MET was revealed to inhibit mitochondrial glycerol-3-phosphate dehydrogenase, raising the cytosolic NADH/NAD+ ratio and impairing utilization of redox-dependent substrates for gluconeogenesis, but surprisingly the mitochondrial NADH pool decreased [58]. Here as in other reports [59], the result was quite the opposite. MET reduced this intracellular compartment much more as evidenced by the rise in β-hydroxybutyrate/acetoacetate ratio, a common index of mitochondrial redox state. Despite these discrepancies, possibly reflecting the differences in protocol used for drug administration and/or treatment duration, one may stress that the major target of MET was mitochondria since it selectively inhibited respiratory chain complex I [60, 61]. Taking into account that we highlighted the occurrence of increased oxidative stress along with defective oxidative phosphorylation in diabetic P. obesus [18], the current results warrant further investigation for better deciphering the exact mitochondrial role of MET in this rodent strain. When comparing the metabolic action of MET on hepatocytes from normal Wistar rats with that from control lean P. obesus, this drug induced mixed effects in the latter. Indeed, gluconeogenesis was barely affected and glycolysis was increased but both pathways were significantly altered in Wistar rats [13]. This may correspond to distinct modes of behaviour, keeping in mind that insulin was relatively high in spite of a very low basal metabolic rate associated with a slow digestion of plants (ND) in the cecum of P. obesus [62], thus permitting them to stimulate lipogenesis, when the capacity for glucose oxidation was smaller than in Wistar rats [13, 63].

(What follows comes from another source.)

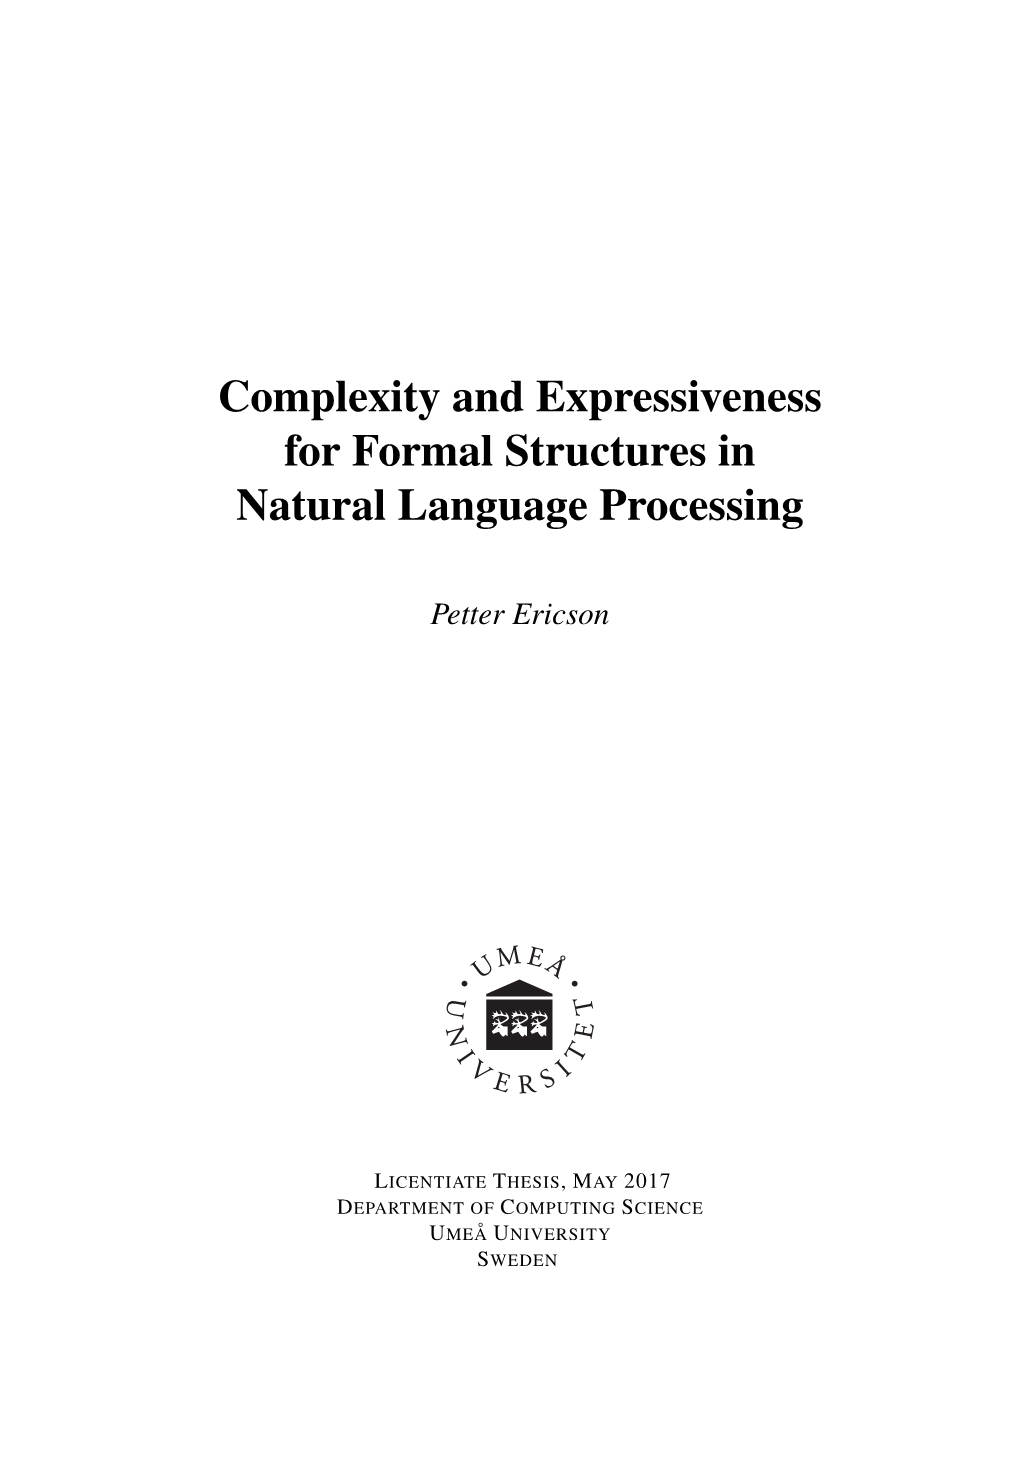 Complexity and Expressiveness for Formal Structures in Natural Language Processing

Although some studies found that MET reduced body weight gain in patients suffering from diabetes [64], we did not observe any effect on fat deposition in diabetic P. obesus. Meanwhile, the caloric intake was substantially lessened by MET. This drug could thus indirectly influence the central nervous system through a modulation of hypothalamic feeding circuits [65]. Indeed, by accumulating into the gut, MET increased incretins level, including glucagon-like peptide-1 (GLP-1), in obese patients [66] and T2DM animal models [67]. In that respect, authors disclosed an upregulation of GLP-1 release in metabolically challenged P. obesus rats [68]. These last observations reinforce the idea that MET might exert its glucose-lowering action via the gut as newly proposed in human beings, at least when administrated orally [69]. An explanation for the reduced food intake seen in diabetic P. obesus under MET treatment could be linked to this phenomenon but direct evidence for this was not available.
Conclusions
If healthy P. obesus did not fulfill the criteria for metabolic syndrome, by means of adaptation to a hypocaloric food (ND), transferring them to a HED for 24 weeks led to profound metabolic disorders which were acutely corrected by MET. Our in vivo and in vitro findings confirmed its effectiveness to ameliorate ketoacidosis and lipid metabolism in diabetic P. obesus; these events likely relied on hepatocellular redox status and mitochondrial activity (see Fig 3 for summary).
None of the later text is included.